* [Collected material]
════════
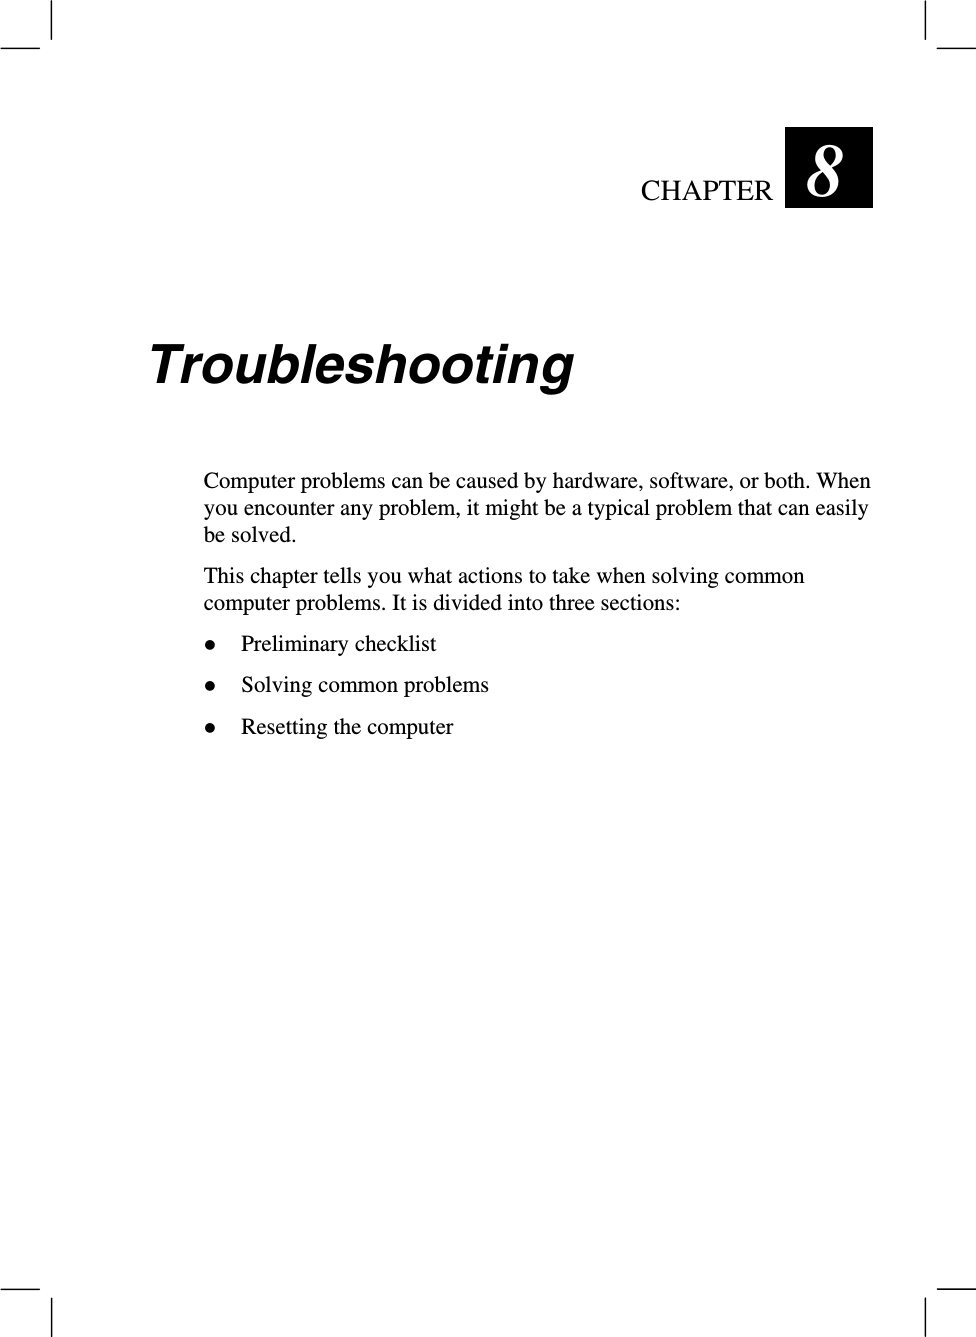 CHAPTER  8 TroubleshootingComputer problems can be caused by hardware, software, or both. Whenyou encounter any problem, it might be a typical problem that can easilybe solved.This chapter tells you what actions to take when solving commoncomputer problems. It is divided into three sections:z Preliminary checklistz Solving common problemsz Resetting the computer
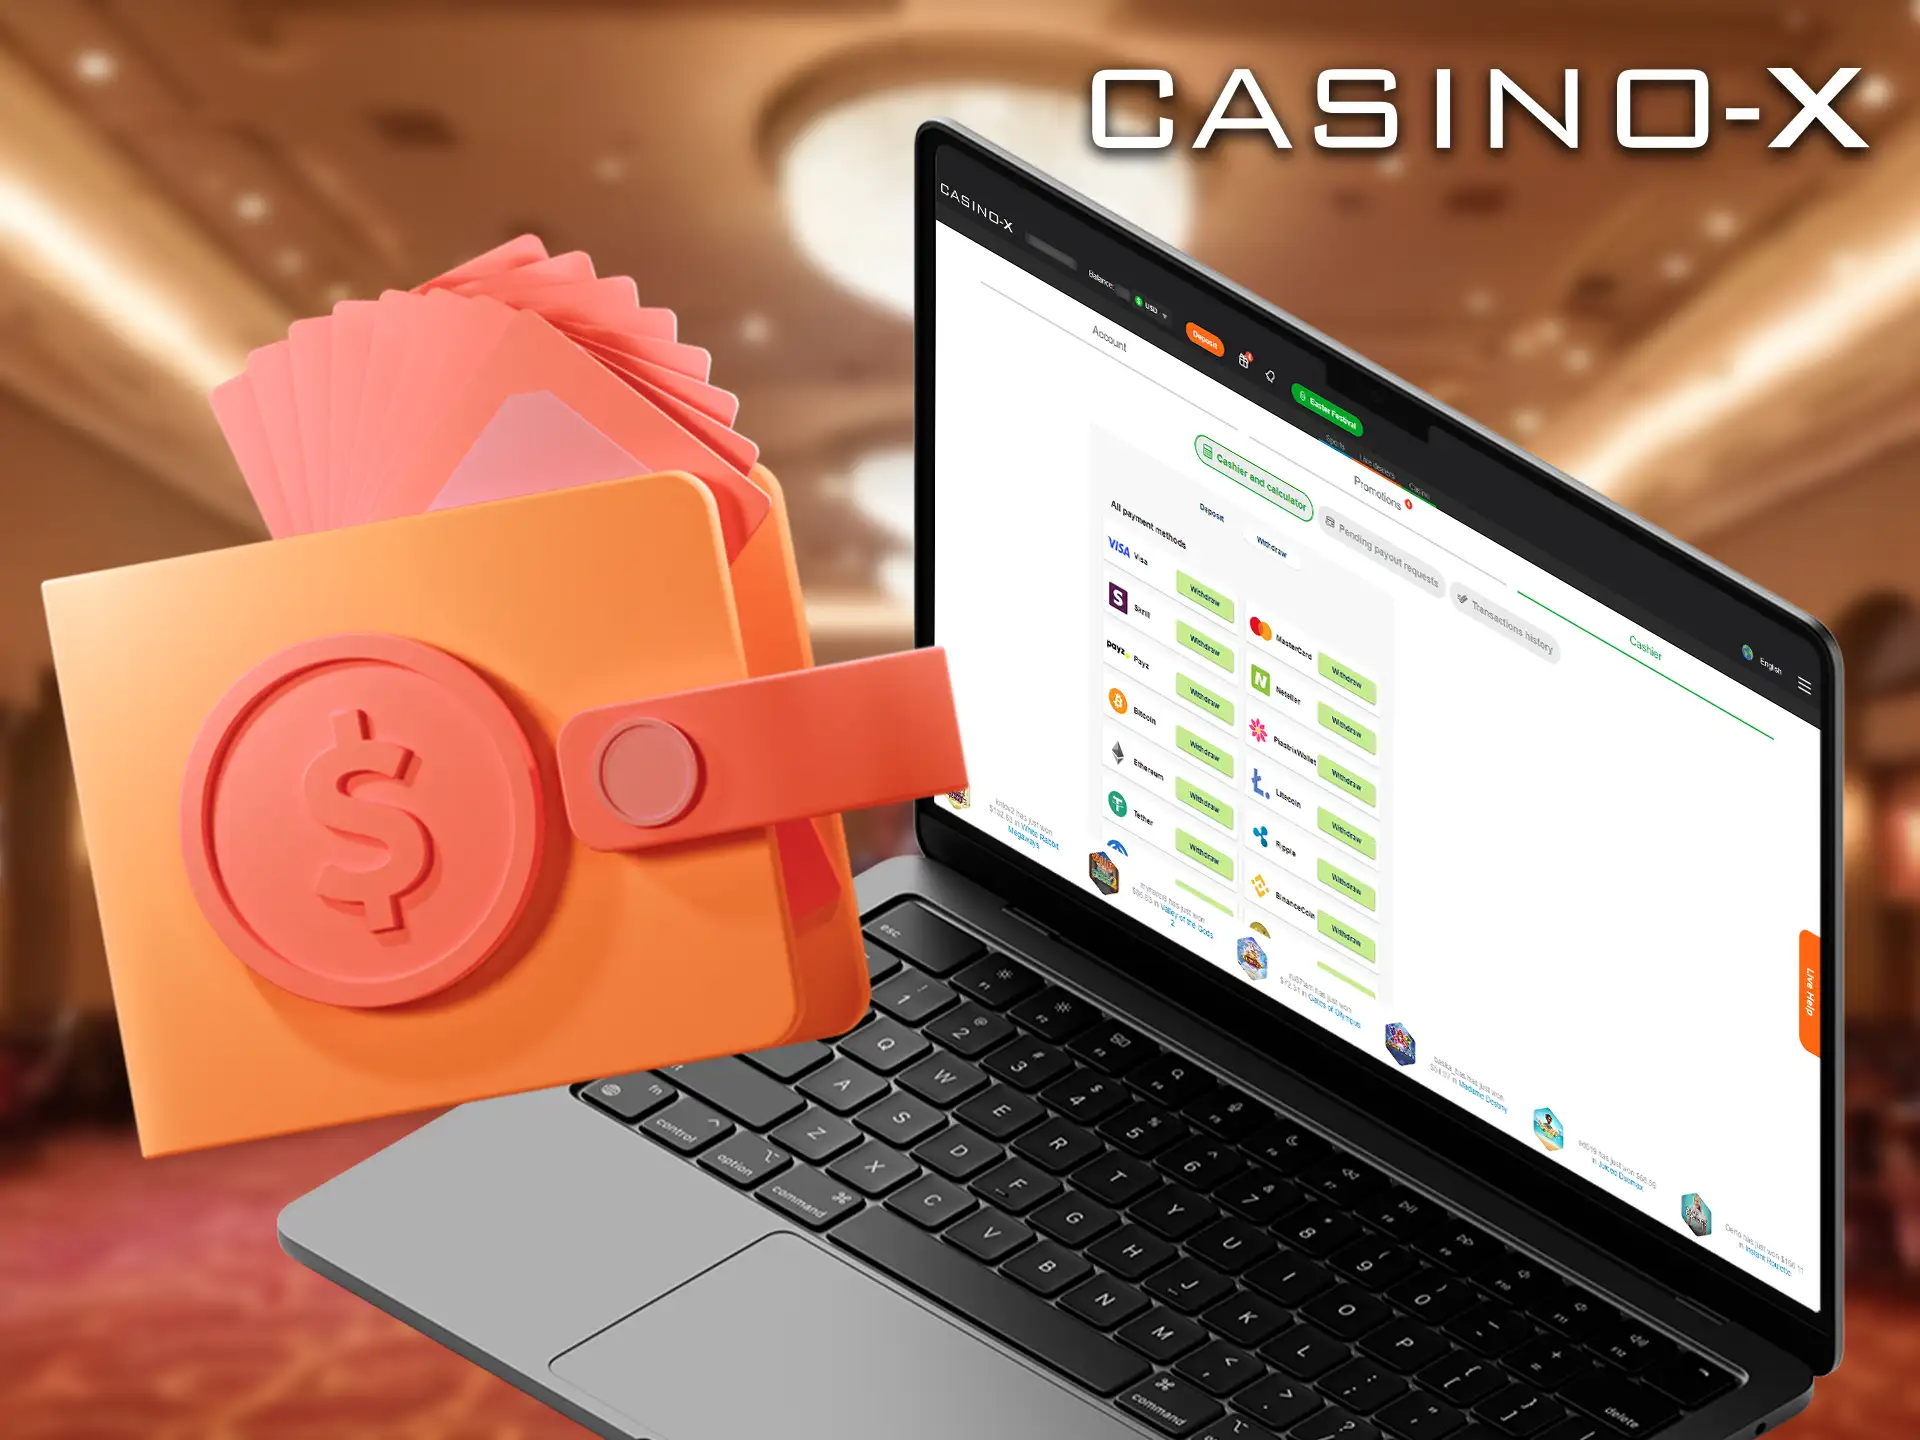 Casino-X offers fast withdrawal processing, so you can get your winnings back to you quickly.
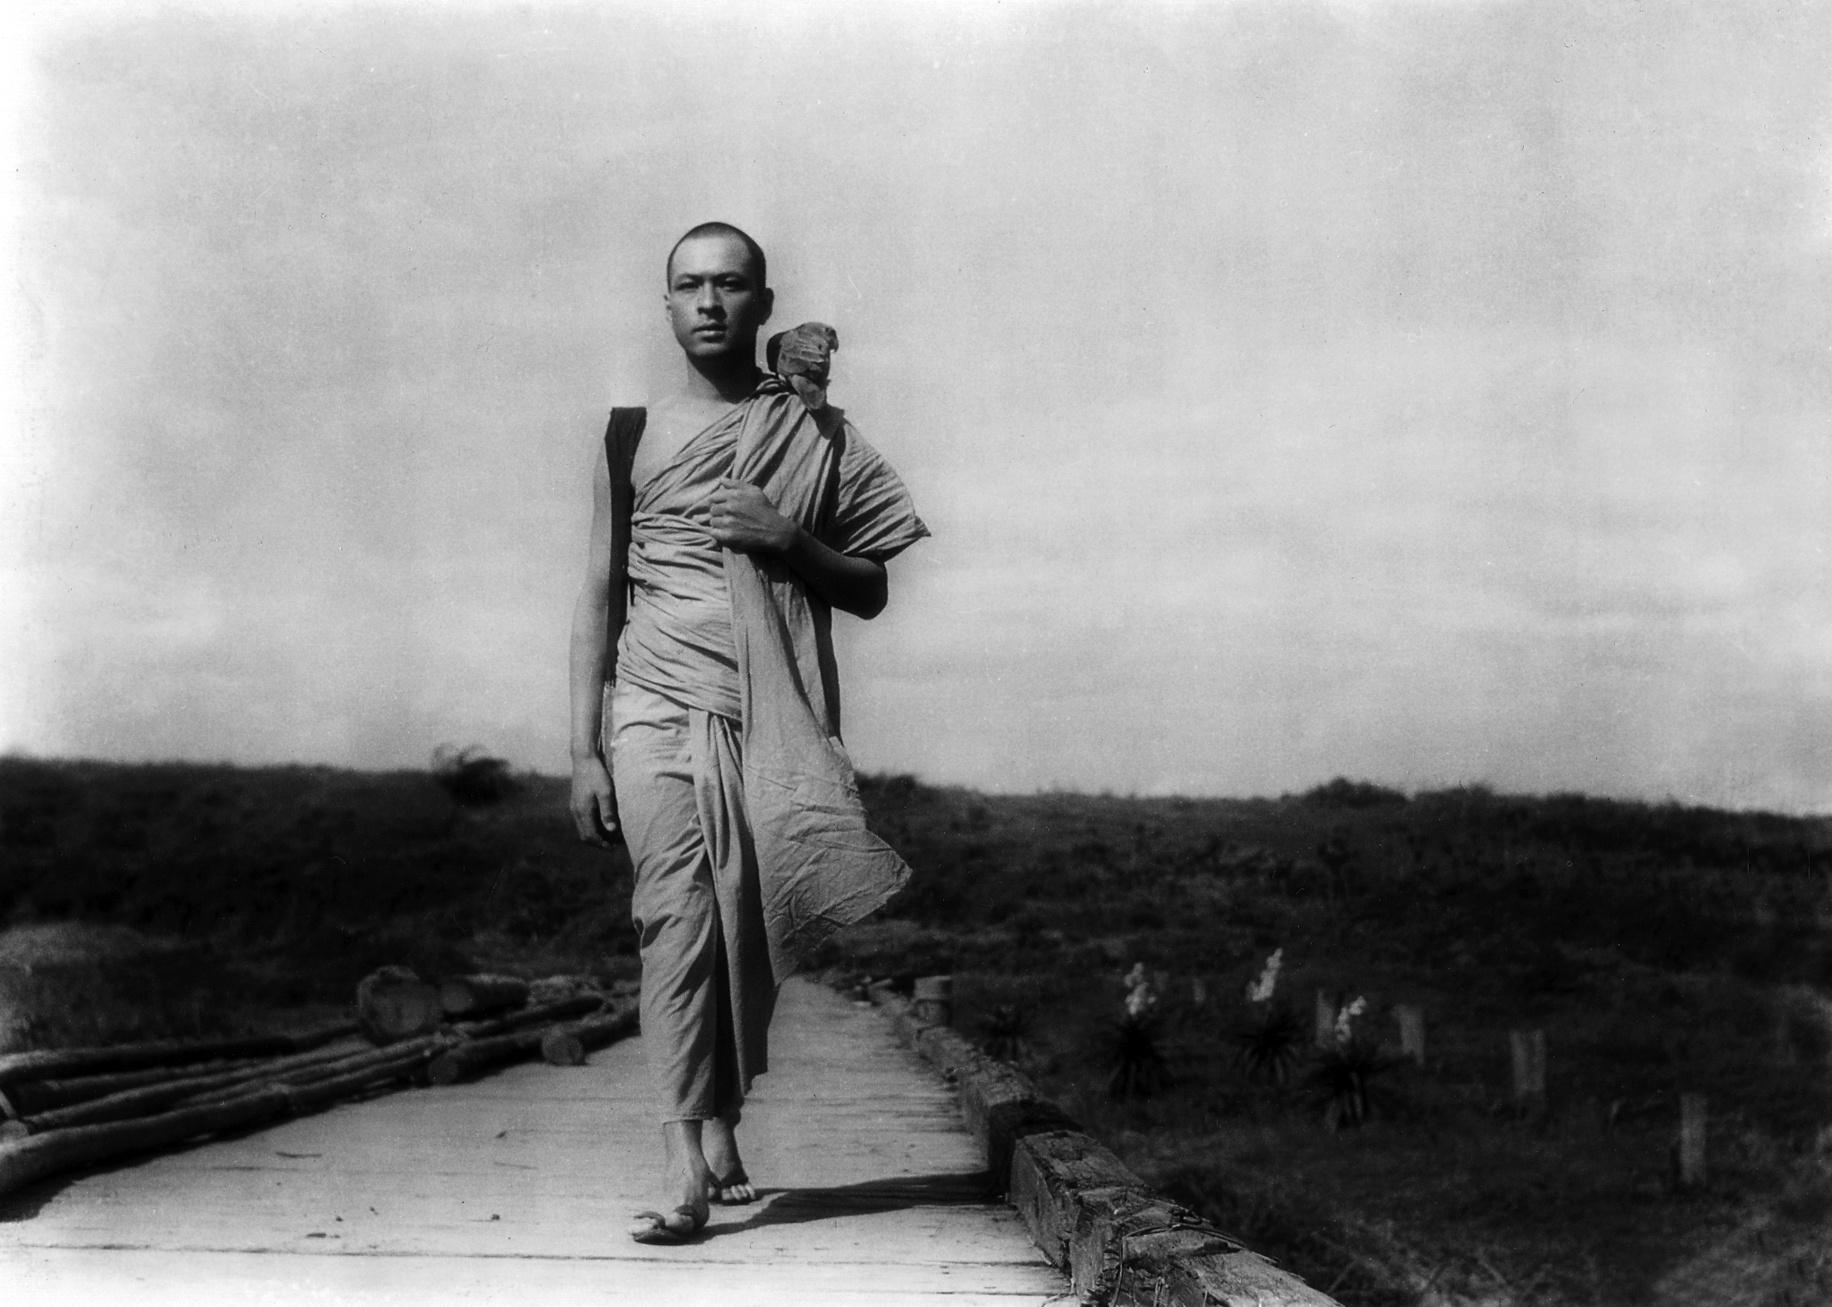 A man dressed as a monk walking on a path.
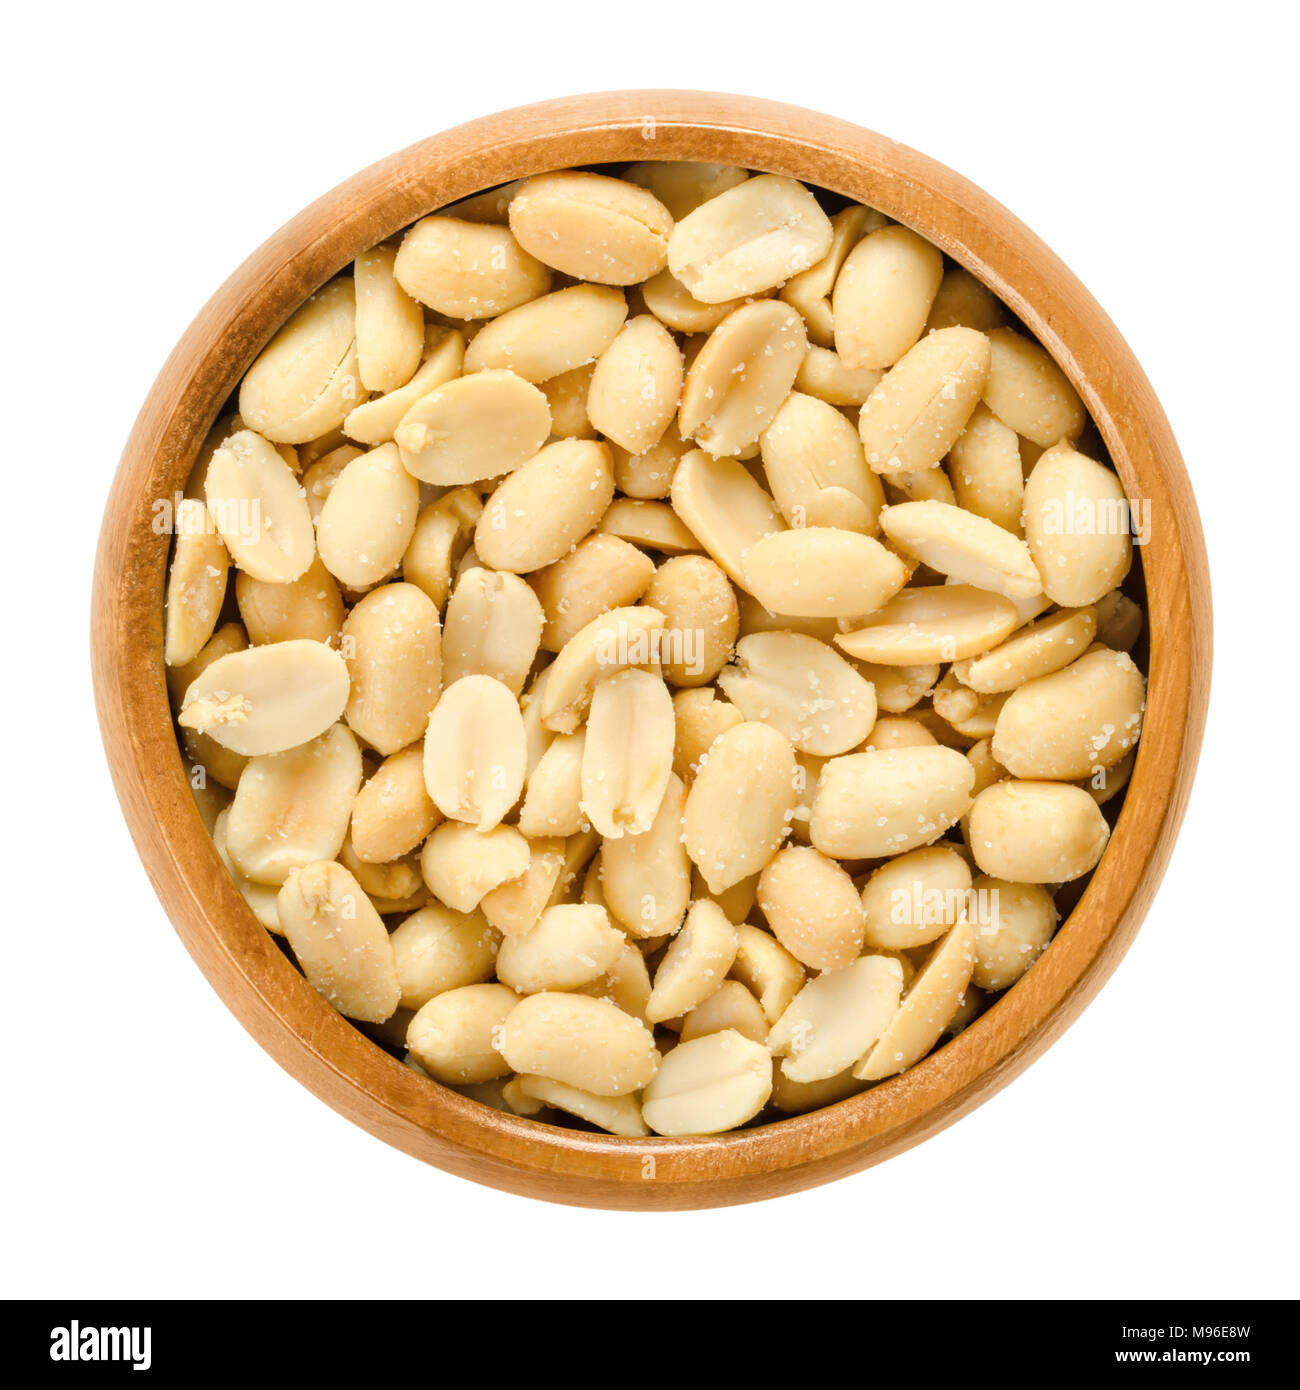 Peanuts, roasted and salted, in wooden bowl. Shelled Arachis hypogaea, also called groundnut and goober, used as a snack. Stock Photo
════════
The expected output is the full data above, reproduced exactly with no images.

 CHAPTER  8 TroubleshootingComputer problems can be caused by hardware, software, or both. Whenyou encounter any problem, it might be a typical problem that can easilybe solved.This chapter tells you what actions to take when solving commoncomputer problems. It is divided into three sections:z Preliminary checklistz Solving common problemsz Resetting the computer
 Casino-X offers fast withdrawal processing, so you can get your winnings back to you quickly.
 A man dressed as a monk walking on a path.
 Peanuts, roasted and salted, in wooden bowl. Shelled Arachis hypogaea, also called groundnut and goober, used as a snack. Stock Photo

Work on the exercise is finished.